On Sunday, the Canadian government announced it would withdraw its planned Digital Services Tax (DST), just hours before it was scheduled to come into effect. The move is widely seen as a calculated effort by Prime Minister Mark Carney’s administration to ease tensions with the United States and restart stalled trade negotiations.
The DST, which had been in development since 2020 and passed into law in 2023, would have imposed a 3% tax on large multinational digital companies, many of them based in the U.S., including Amazon, Google, Meta, and Apple. It targeted firms earning over $20 million annually from Canadian digital services such as online ads and e-commerce, and it was set to be applied retroactively to 2022. Had it gone ahead, companies would have been required to pay an estimated $2 billion in back taxes starting Monday, June 30, 2025.
The timing of the decision, coming so close to implementation, suggests a deliberate diplomatic gesture from Ottawa. Tensions between Canada and the U.S. had been rising, especially after President Donald Trump condemned the tax as unfairly targeting American businesses. Just days earlier, Trump had suspended trade talks, threatening retaliatory tariffs on Canadian exports if the tax was enforced.
In a statement, Canada’s Finance Ministry explained the repeal was intended to create space for renewed economic discussions. Both governments are now aiming to finalize a new trade agreement by July 21. The sudden shift appears to have revived those efforts, with negotiations reportedly back on track.
President Trump responded positively, calling the withdrawal a win for U.S. businesses and a step toward restoring trade cooperation. He reiterated that the U.S. would not tolerate what he called discriminatory measures against American firms and confirmed that economic talks with Canada would resume immediately. Talks had previously broken down following the G7 summit in mid-June, where he and Carney had agreed on a 30-day timeline for reaching a new trade deal.
For U.S. tech firms, Canada’s reversal comes as a major relief, averting billions in unexpected tax liabilities. The Biden administration had already raised objections in 2024, launching consultations over whether the DST breached the North American trade agreement.
From Canada’s side, the decision underscores the importance of maintaining strong economic ties with its southern neighbor. The U.S. remains Canada’s largest export destination and second-largest overall trading partner after Mexico. In 2024 alone, Canada exported over $412 billion in goods to the U.S. and imported nearly $350 billion.

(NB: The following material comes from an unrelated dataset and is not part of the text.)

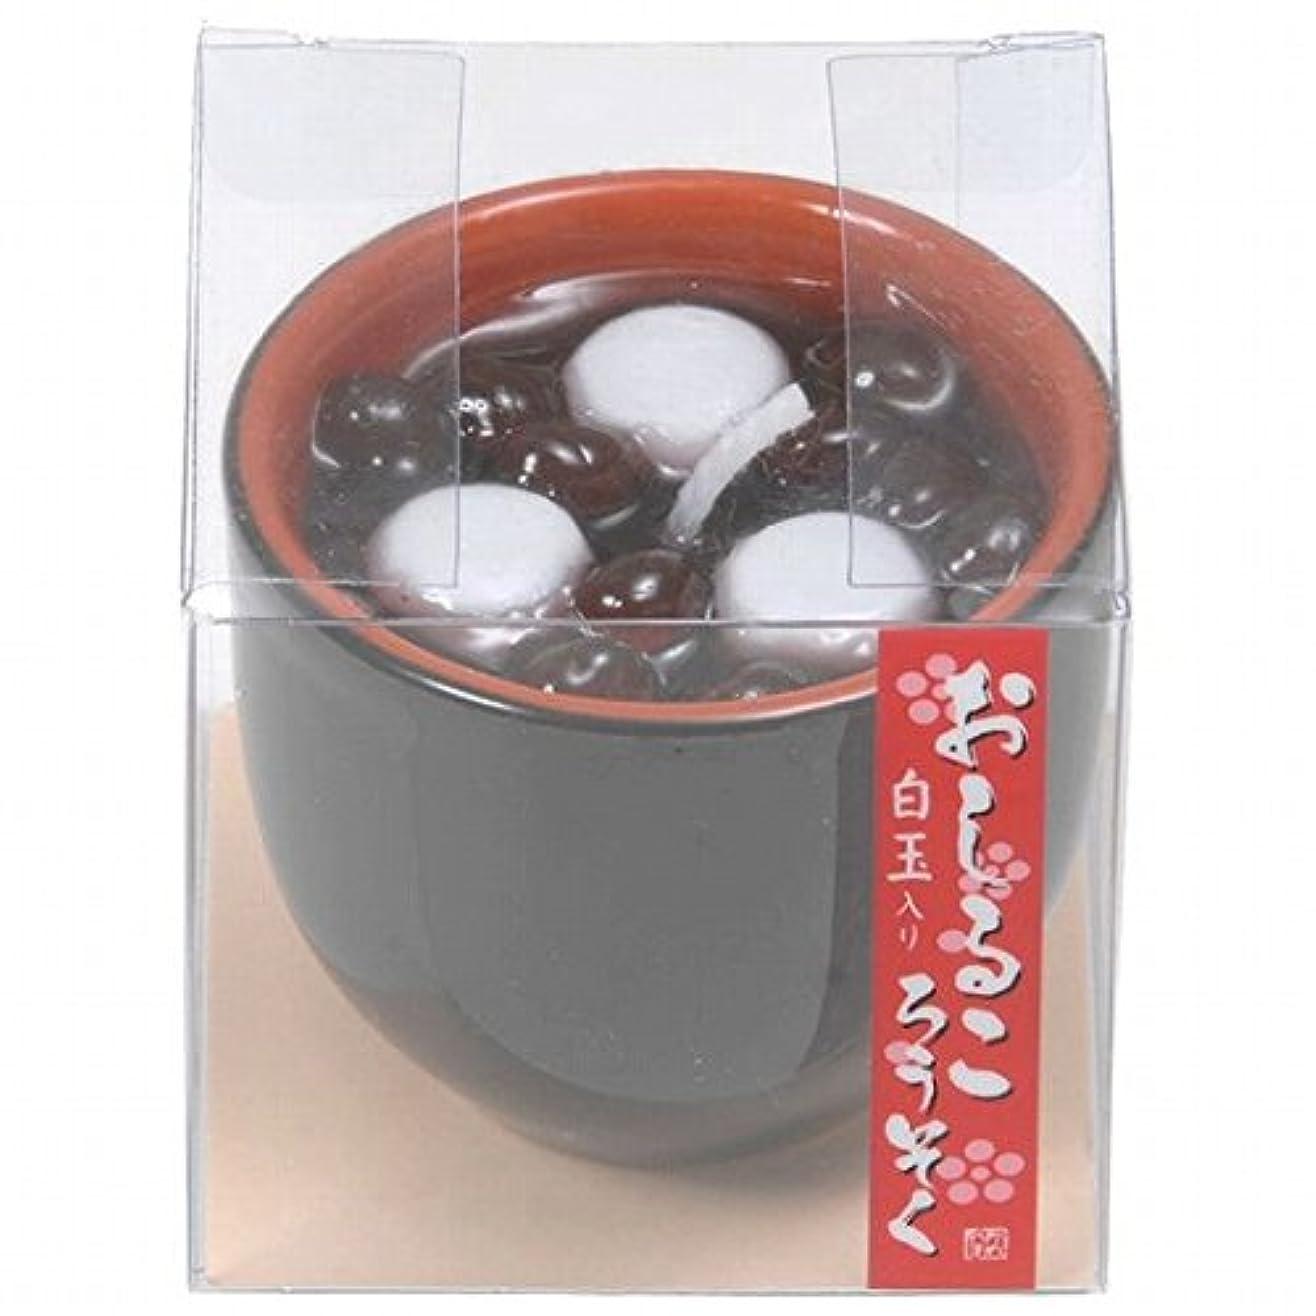 失速死の顎食料品店カメヤマキャンドル( kameyama candle ) おしるころうそく キャンドル

Canada had narrowly avoided new U.S. tariffs earlier in the year but continues to face steep duties—up to 50%—on its steel and aluminum exports. Finance Minister François-Philippe Champagne is expected to introduce legislation to formally repeal the DST Act soon. The ministry emphasized that while Canada still supports the idea of a global approach to digital taxation, the priority now is bilateral economic stability.